Design transparent packages, courses and points that support continuity without hiding conditions or sacrificing margin.

The situation

Illustrative scenario: Lucia buys a ten-session course in January. She no longer has to make a new purchase decision before every session; instead, she follows the schedule agreed for the treatment. The centre receives payment in advance and must now manage the balance, availability, expiry and service delivery clearly. Prepayment can support commitment, but only when the product is transparent and operationally sound.

Prepayment changes the decision — and creates a duty

A package turns repeated purchase decisions into one planned commitment. It also creates an obligation for the centre: every session, condition, refund rule and expiry date must be easy to understand and accurately recorded.

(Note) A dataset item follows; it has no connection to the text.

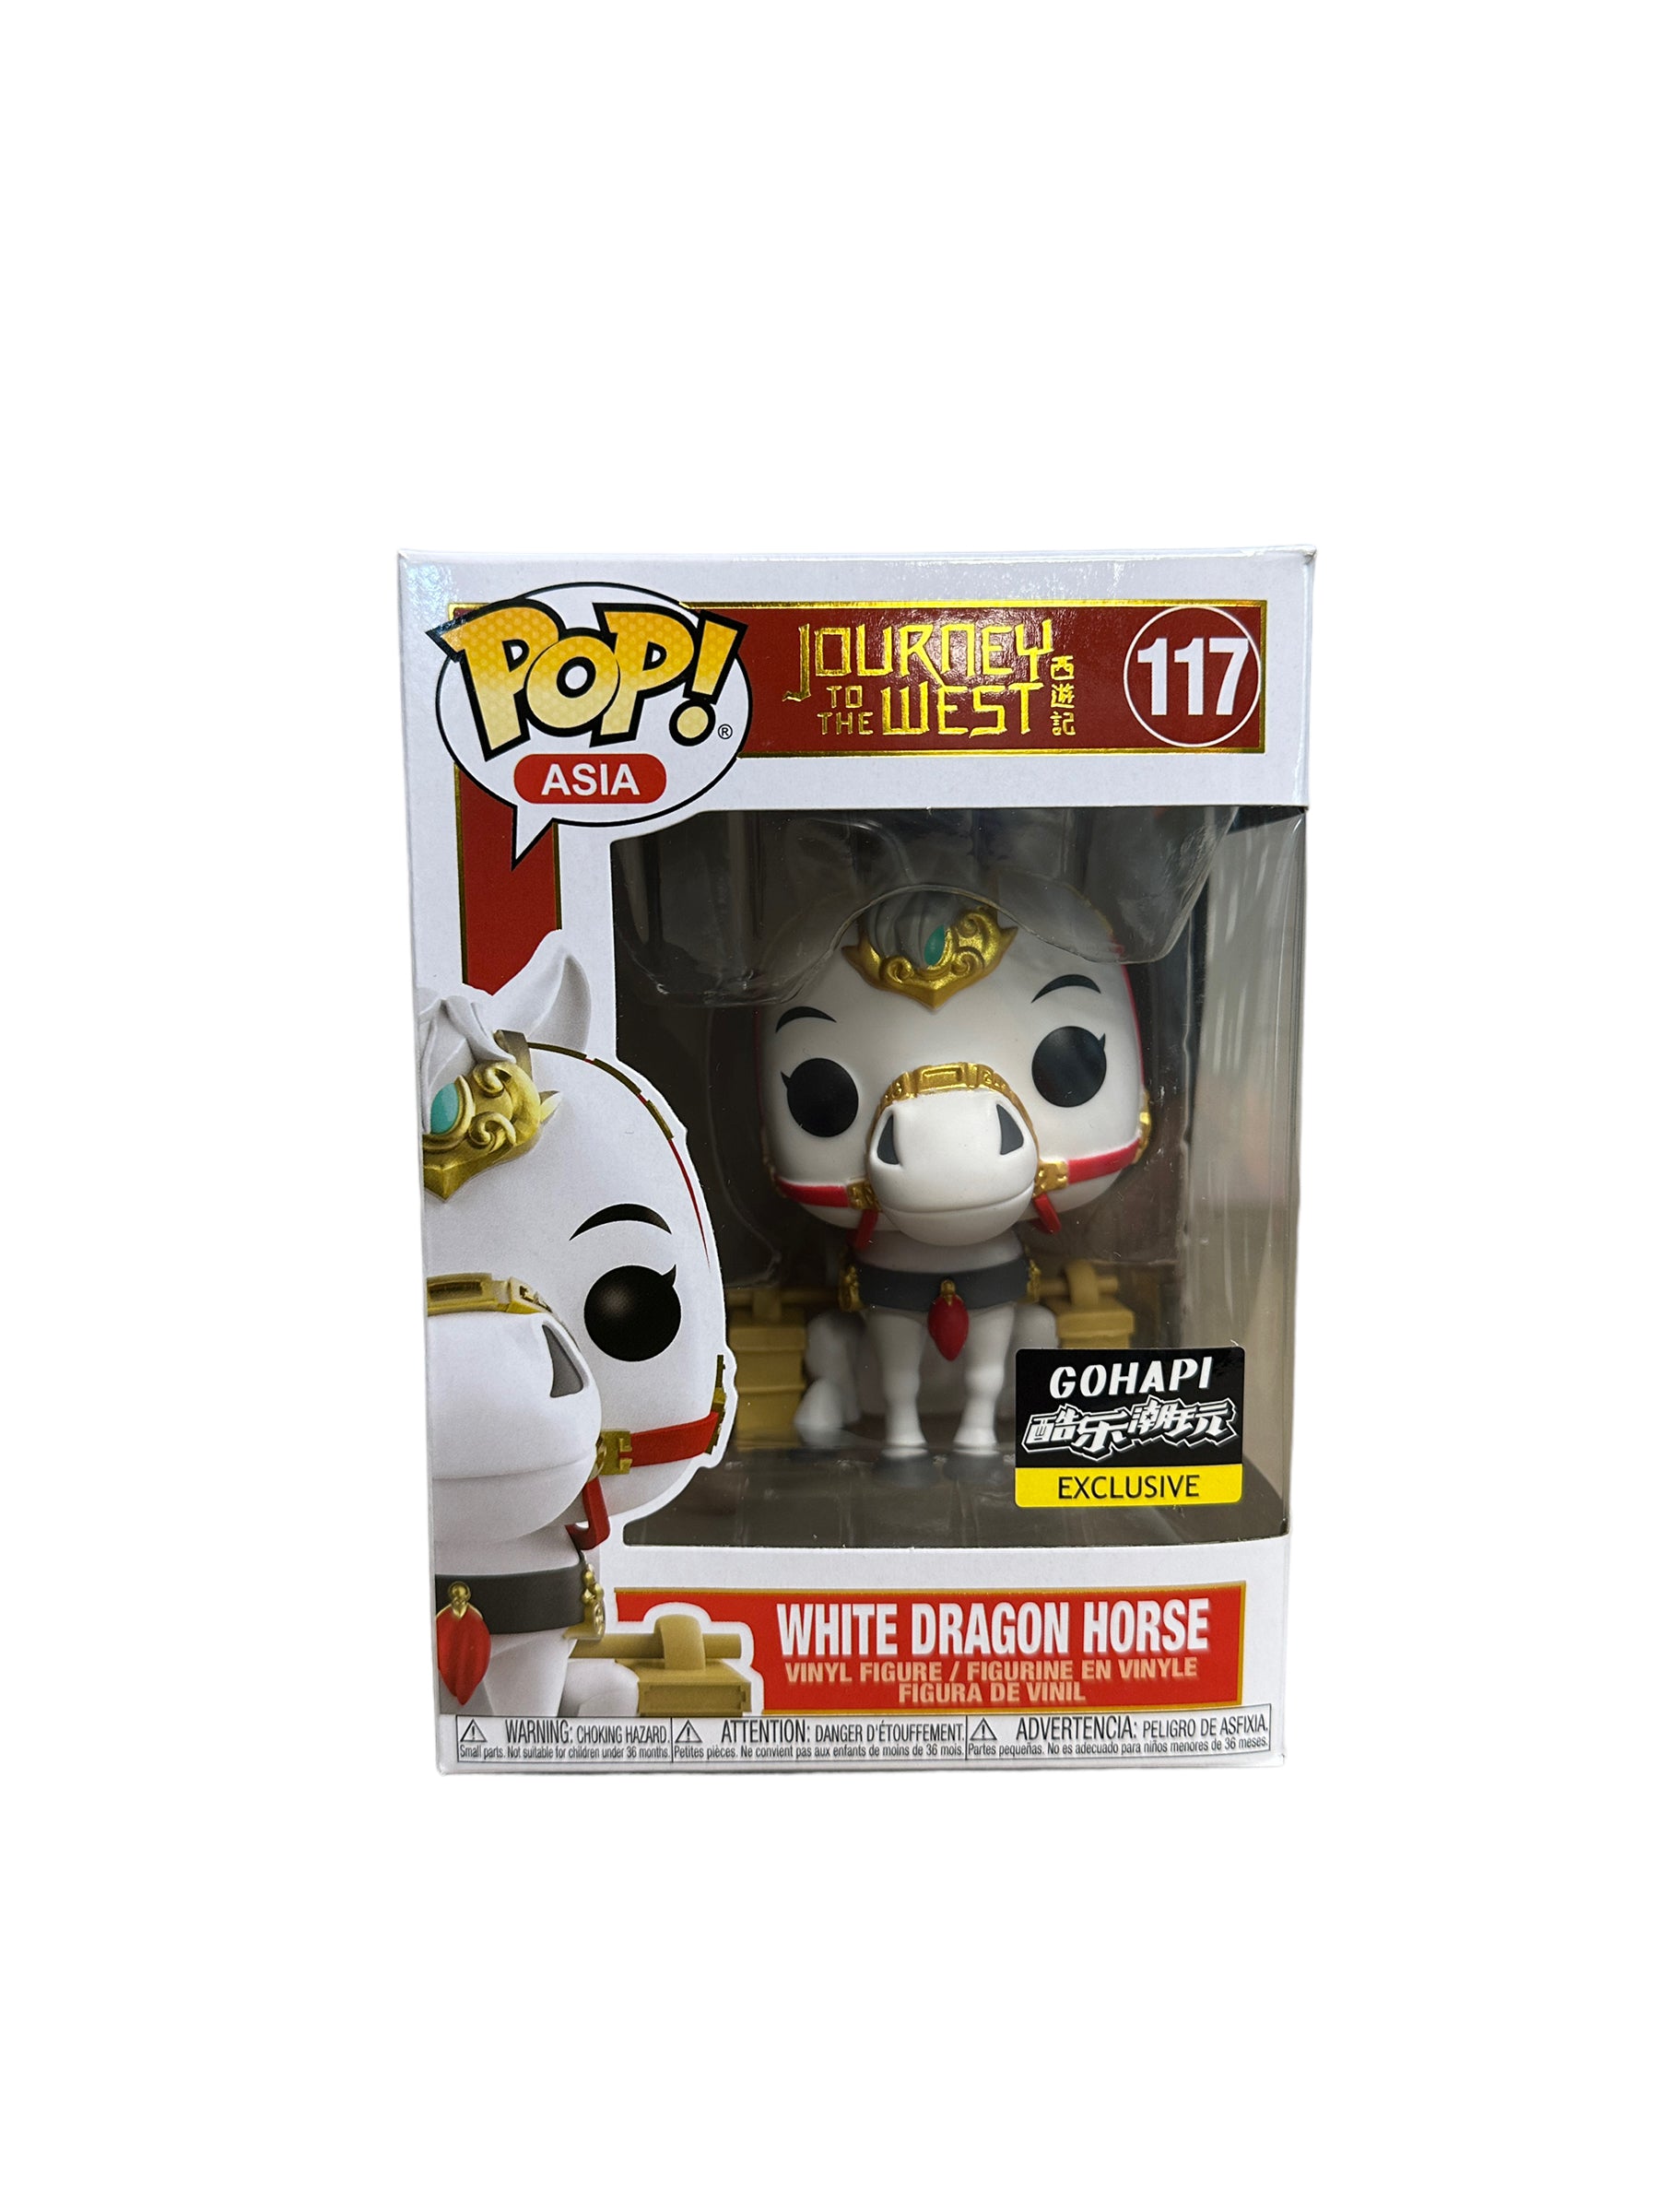 White Dragon Horse #117 Funko Pop! - Journey to the West - Gohapi Exclusive - Condition 8/10

The common mistake: using one-off discounts as a loyalty strategy

A one-off discount may prompt a visit, but it does not automatically create a reason to continue. A well-designed package links visits to a suitable treatment plan and gives the client a clear view of what they bought. The objective is not to lock anyone in. It is to make continuity easier while protecting trust and margin.

The method: four rules for a responsible package

The best package is not simply the cheapest. It is the one whose value, delivery and conditions make sense for both client and centre.

  • Anchor rule: build the package around a treatment with a genuine repeat protocol, then add only complementary services that improve the client journey.
  • Margin rule: model the real delivery cost before setting any client advantage. Test relevant additions before using an automatic cash discount, and verify the numbers against your own centre’s costs and margin.
  • Visible-balance rule: show the client how many sessions or credits remain after every visit. The record must be equally clear to the client and the team.
  • Clear-expiry rule: set a reasonable validity period that matches the service and local consumer rules, and explain it before payment. Expiry must never be hidden in small print.

✎ Practical exercise · Draft your first package (20 min)

  1. 1Choose one repeat treatment and draft a package using the four rules: contents, price, client value, delivery cost and validity.
  2. 2Draft one simple points tier for a defined client segment. Use illustrative mechanics only — for example, one point per currency unit and a relevant reward at a stated threshold — then model the cost before launch.
  3. 3Show the draft and full conditions to three established clients. Ask what is clear, what feels useful and what creates hesitation before deciding whether to pilot it.